━━━ DATA SECTION
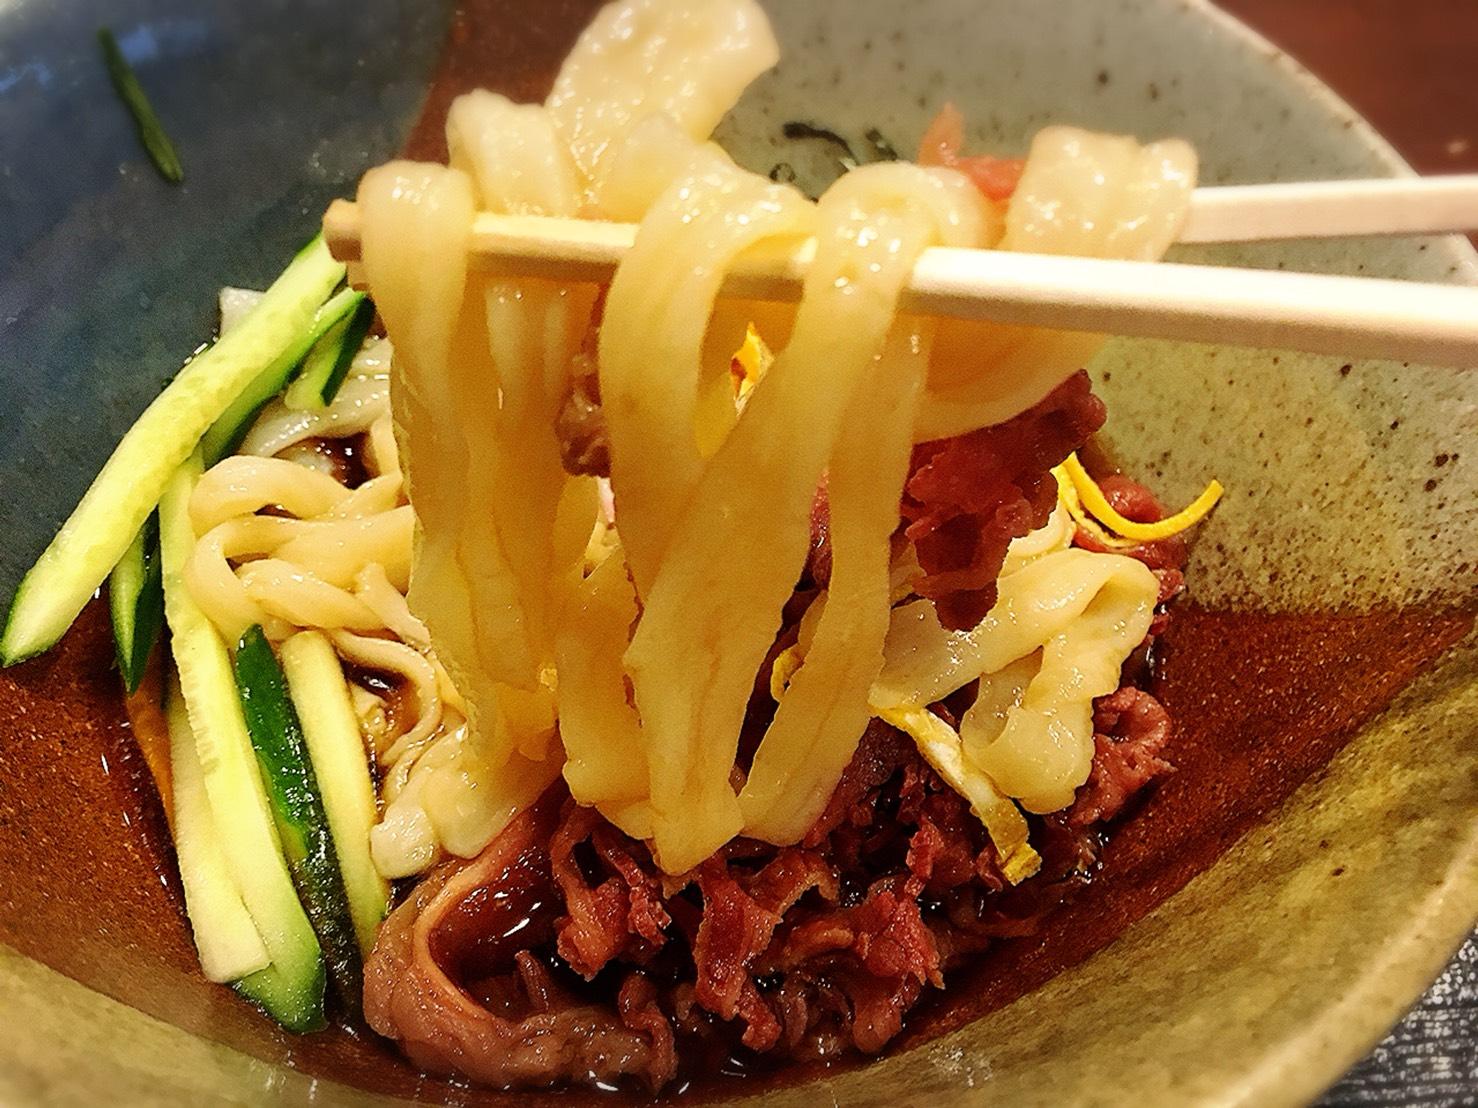 【大塚駅】関西風手打ちうどんチュルッとしたいよね「ふじ誠」の冷し肉南蛮うどんのうどん
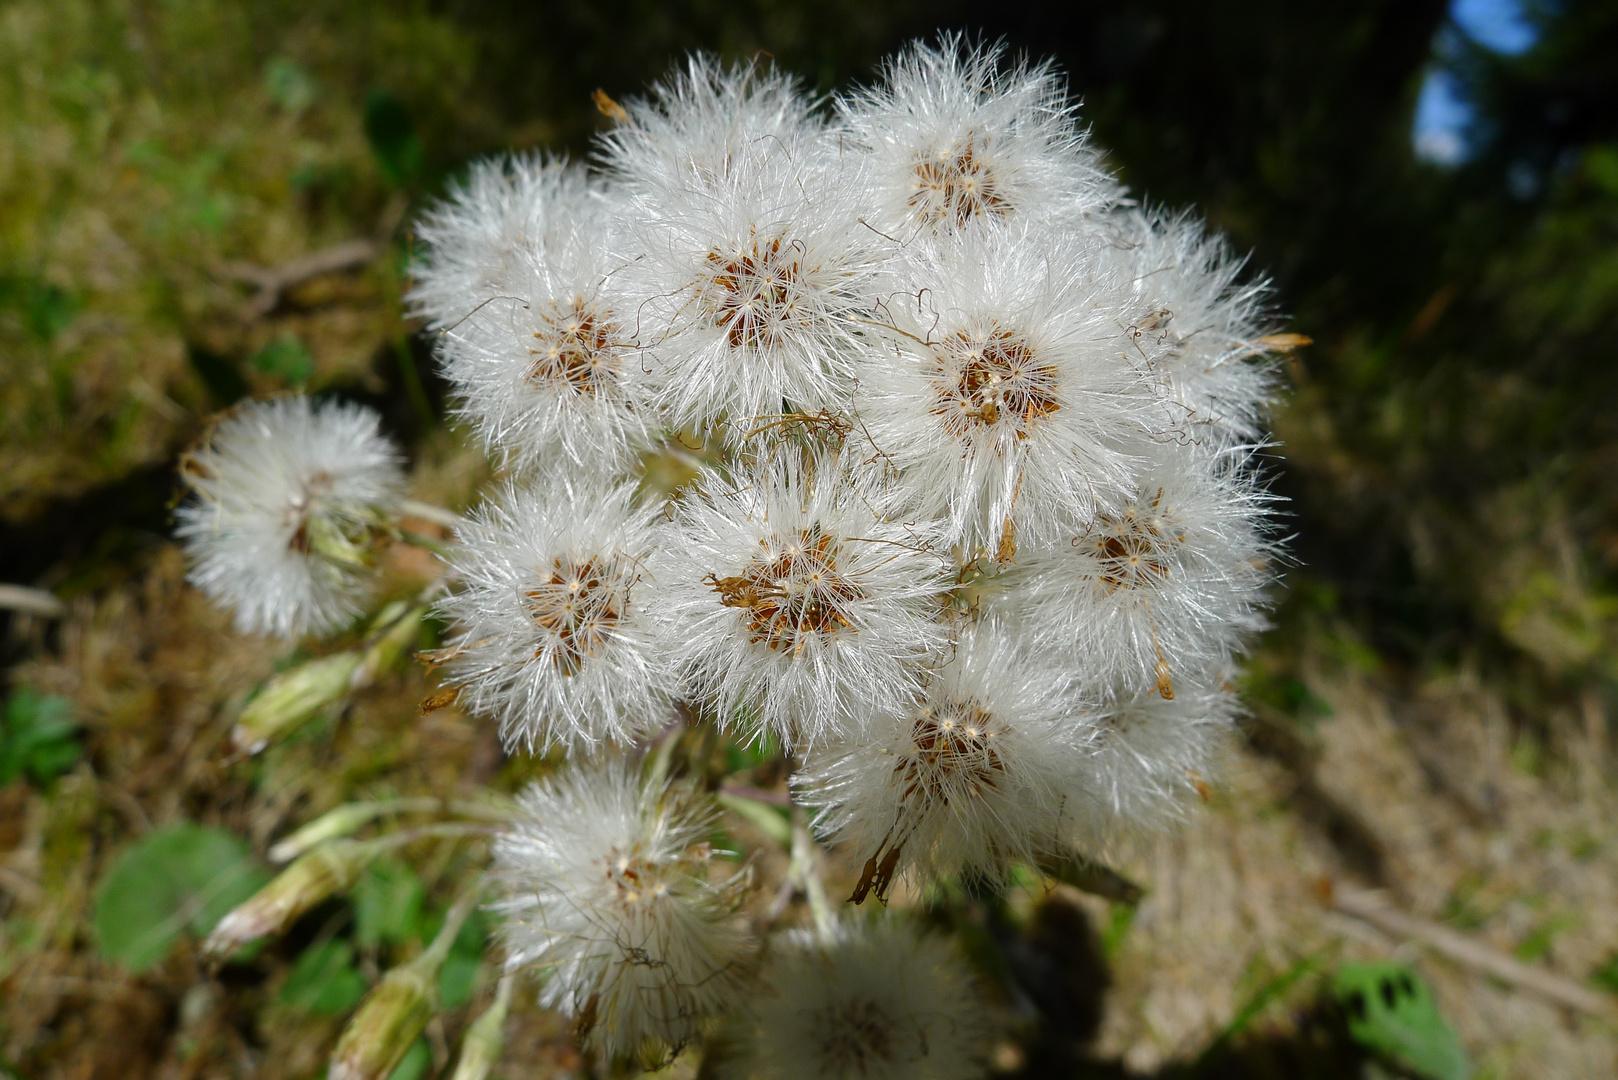 Mittwochsblümchen: Pestwurz (verblüht)
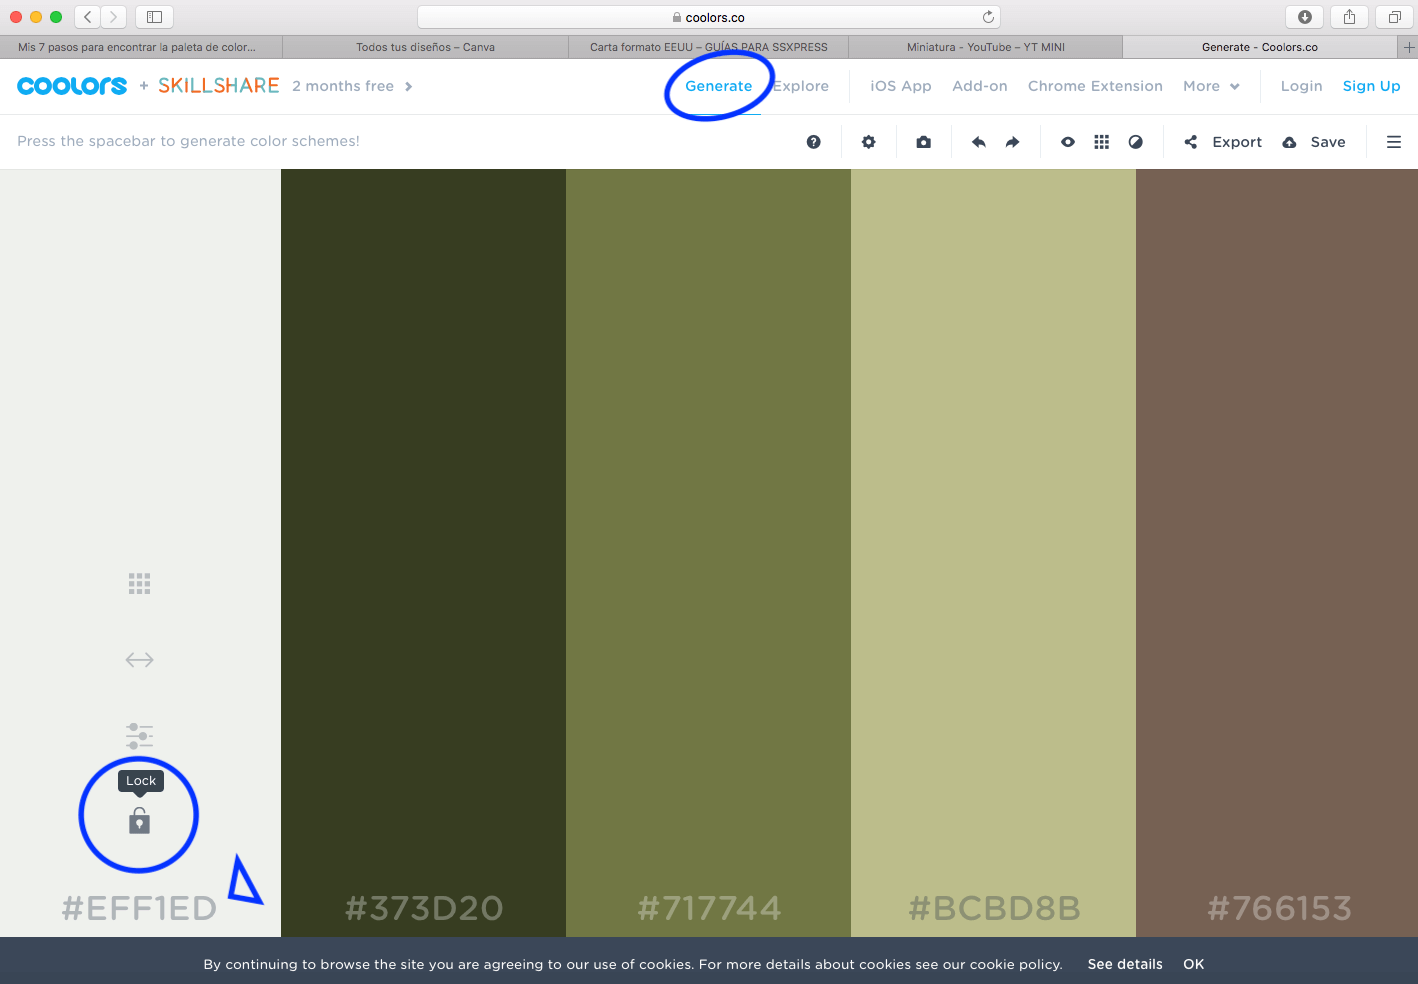 coolors para encontrar la paleta de colores de tu marca personal.png
━━━━━━
#### TRY IT
Output each line exactly as shown above; no pictures go in the copy.

#### SOLUTION
 【大塚駅】関西風手打ちうどんチュルッとしたいよね「ふじ誠」の冷し肉南蛮うどんのうどん
 Mittwochsblümchen: Pestwurz (verblüht)
 coolors para encontrar la paleta de colores de tu marca personal.png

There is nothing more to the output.